Kuwait is one of just five nations with a GNI per capita above 70,000 dollars. In contrast to most other countries that rank among the richest in the world, Kuwait does not have a varied economy. Petroleum accounts for more than 84% of this country’s trades. Kuwait ranks as one of the most unethical nations on this list, likely resultant in an uneven dispersal of the wealth created from petroleum.
10- Hong Kong:
The economy of Hong Kong is a greatly industrialized free-market economy. It is reflected by its low taxation; almost free port trade and well-recognized international financial market. The currency of Hong Kong is known as the Hong Kong dollar. This currency is legally by 3 major international commercial banks and is nailed to the US dollar.
Hong Kong is not a fully sovereign nation, but rather an unusual administrative region of China. But it has its own influential economy with a GDP of $414.3 billion and a GNI per capita of $58,420 per person. In addition to being one of the well-off countries in the world, Hong Kong is also one of the strongest and fittest countries. The average life prospect at birth in the country of 84.7 years is more than 12 years longer than the global average and about 6 years longer than in the United States.
Why the country is poor or rich?
As we already know that we can determine the “poorness” or “richness” of any nation by its GDP per capita. Though, this does not mean that people in poor countries are mostly poor.
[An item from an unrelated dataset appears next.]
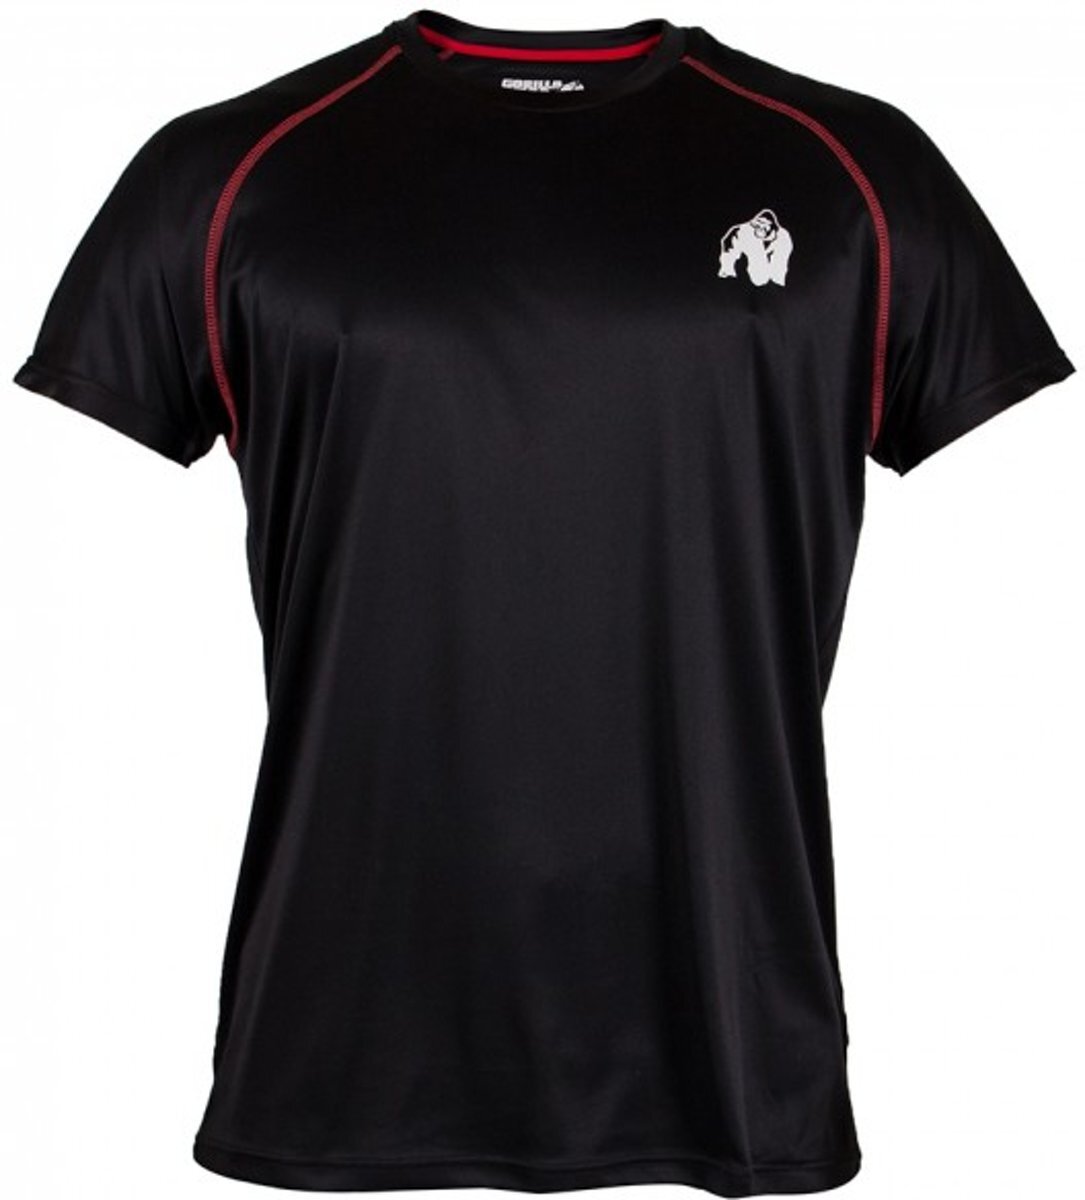 Gorilla Wear Performance t-shirt Black/red - L

In the same way, poor people also exist in rich countries. And because poverty is seen as the more persistent issue between the two, researchers have been focusing on how to lessen poverty.
The poverty of any country could not be reduced by raising a country’s GDP but rather by increasing the economic productivity per individual. Simply speaking, economic growth is an important factor in minimizing poverty. To thrust economic growth, a country wants to increase capital and labor output. This is named total factor productivity, which when elevated drives economic growth.